The lines from the top of the material through the line with "Doctor's Best MSM" are to be set down exactly. Leave the pictures out.

(Data section Opens)

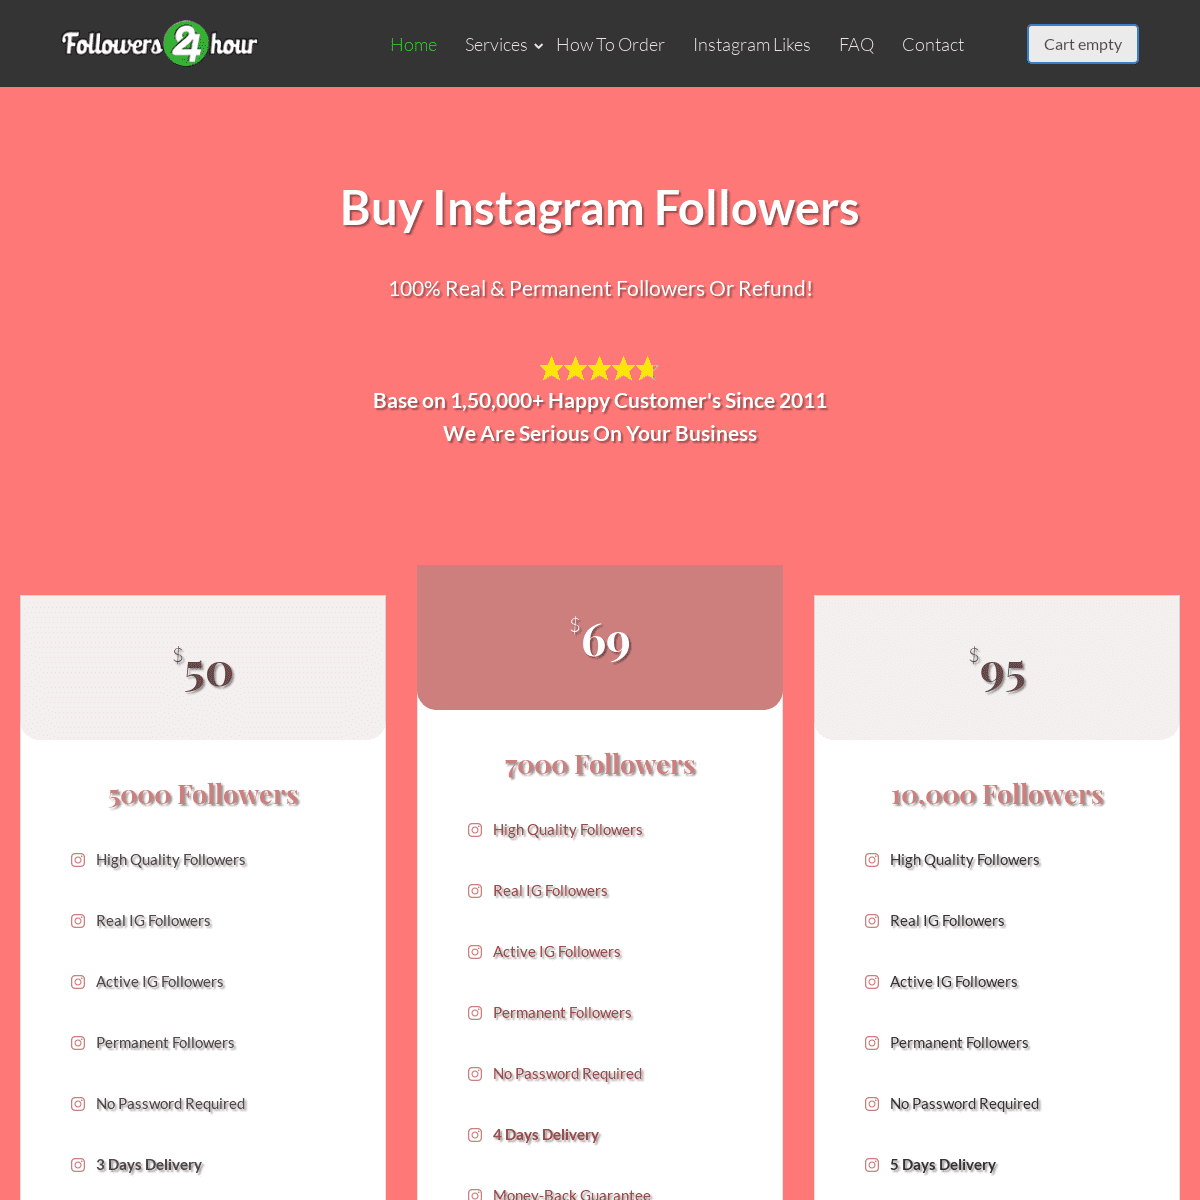 Buy Instagram Followers With 100% Real & Permanent Followers
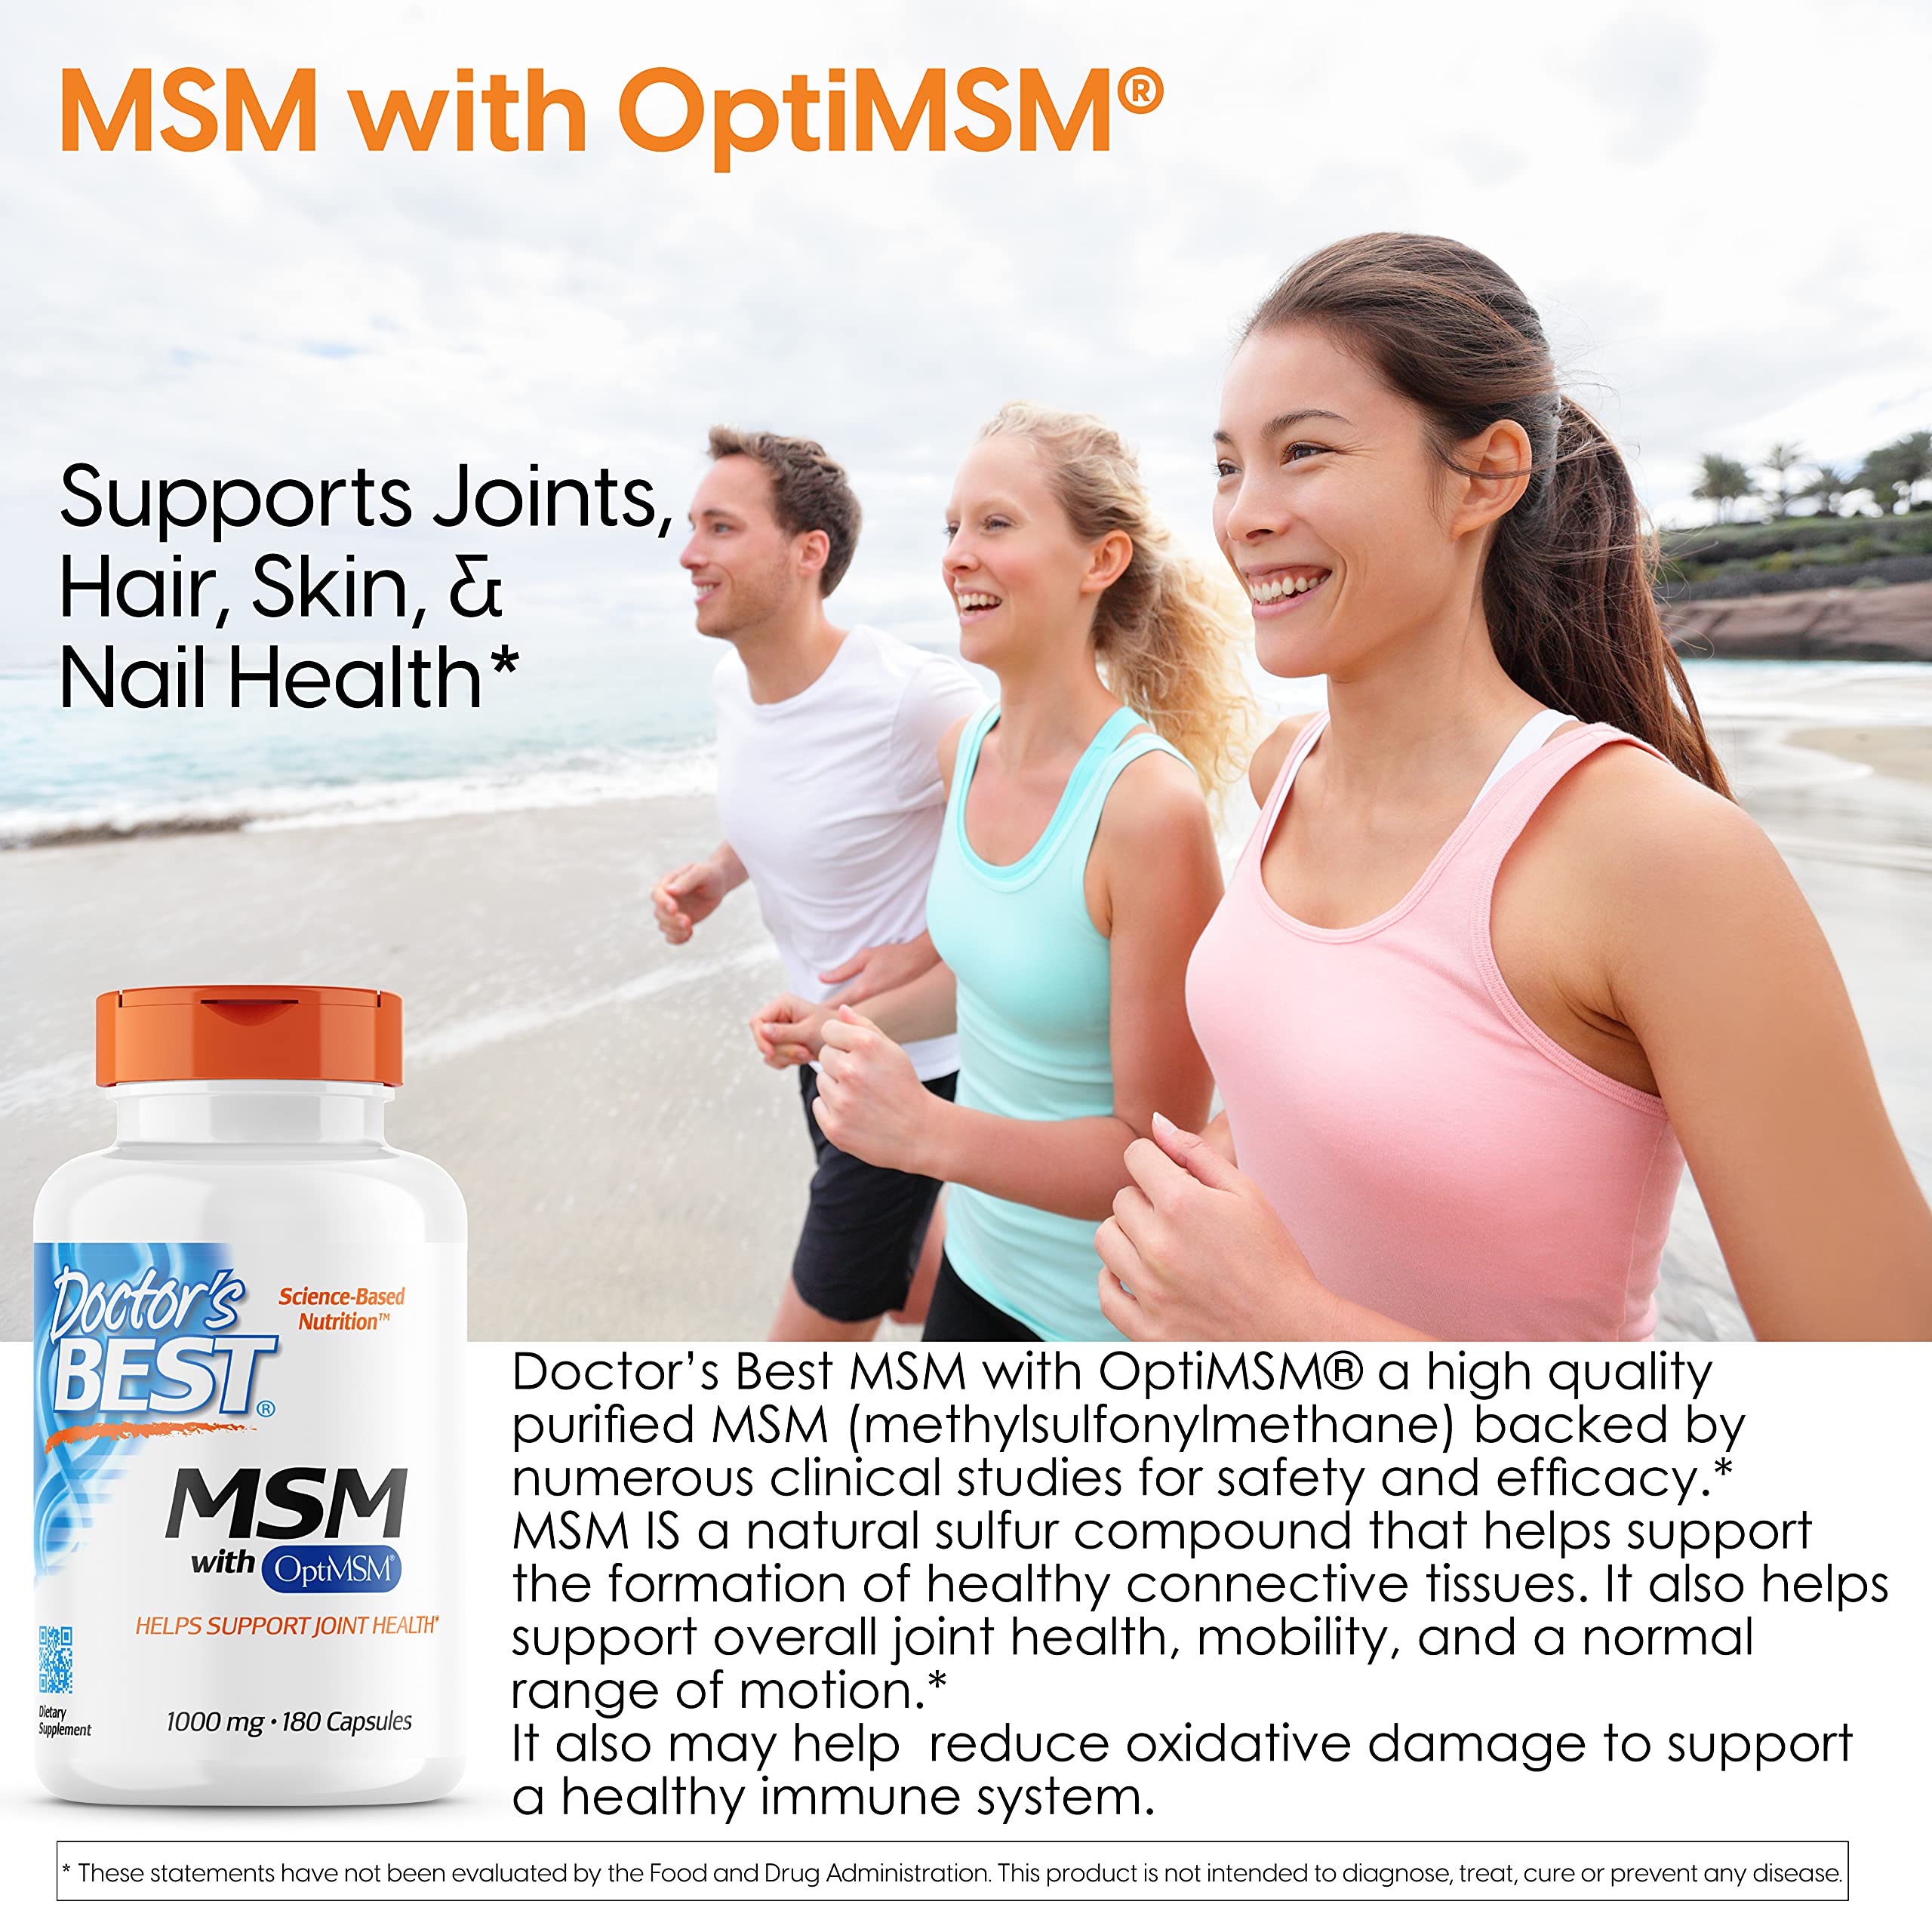 Doctor's Best MSM with OptiMSM, Joint Support, Immune System, Antioxidant and Protein-Building Role, Non-GMO, Gluten Free, 1000 mg, 180 Caps (DRB-00064)
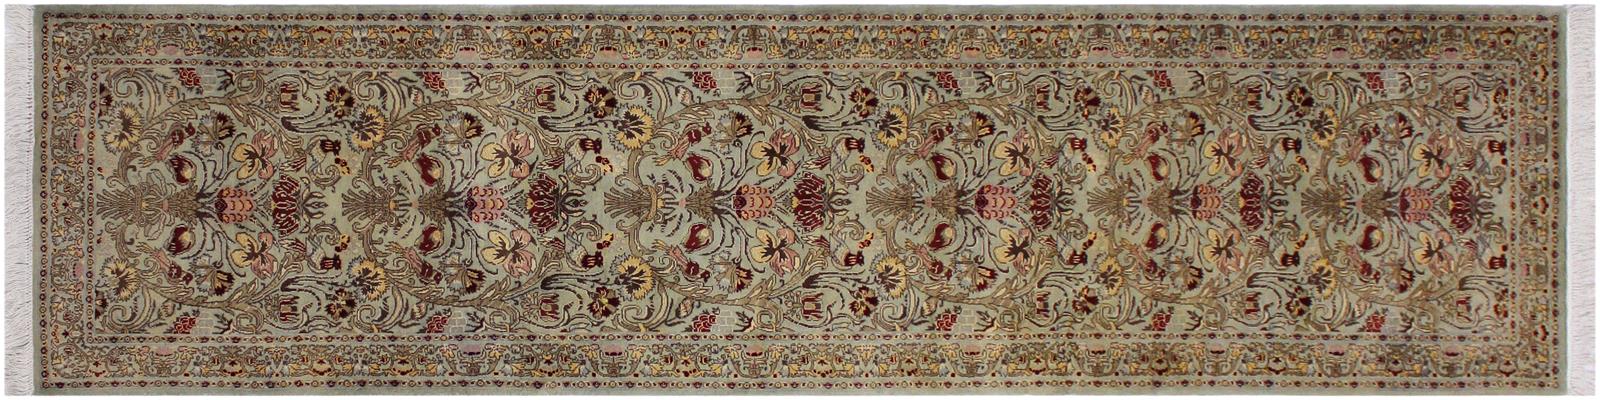 handmade Traditional Sayra Green Brown Hand Knotted RUNNER 100% WOOL area rug 2x10
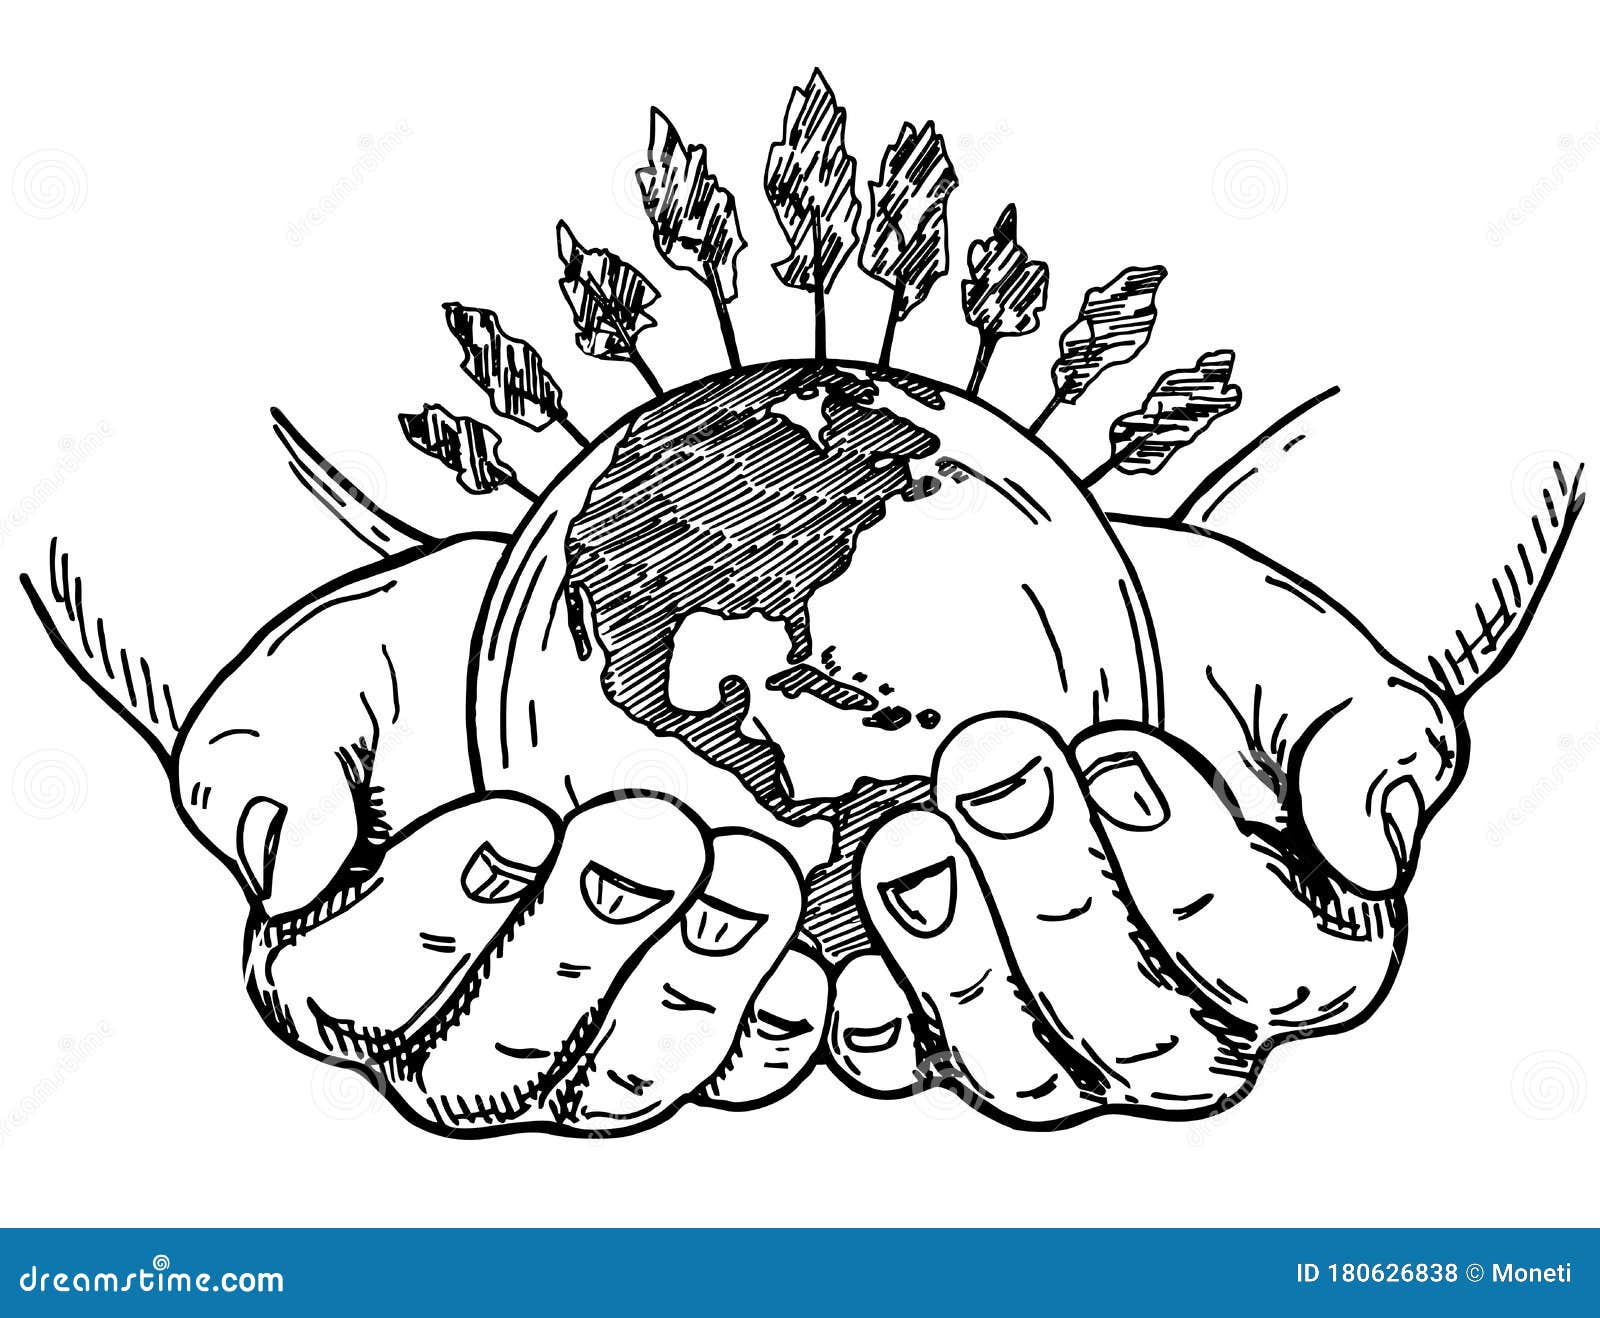 Earth In Hands In Sketch Style Two Palms Hold The Globe Save The Planet Concept Environment Concept Vintage Hand Stock Vector Illustration Of Hold Earth

(Data section Closes)

◆ Expected output:
 Buy Instagram Followers With 100% Real & Permanent Followers
 Doctor's Best MSM with OptiMSM, Joint Support, Immune System, Antioxidant and Protein-Building Role, Non-GMO, Gluten Free, 1000 mg, 180 Caps (DRB-00064)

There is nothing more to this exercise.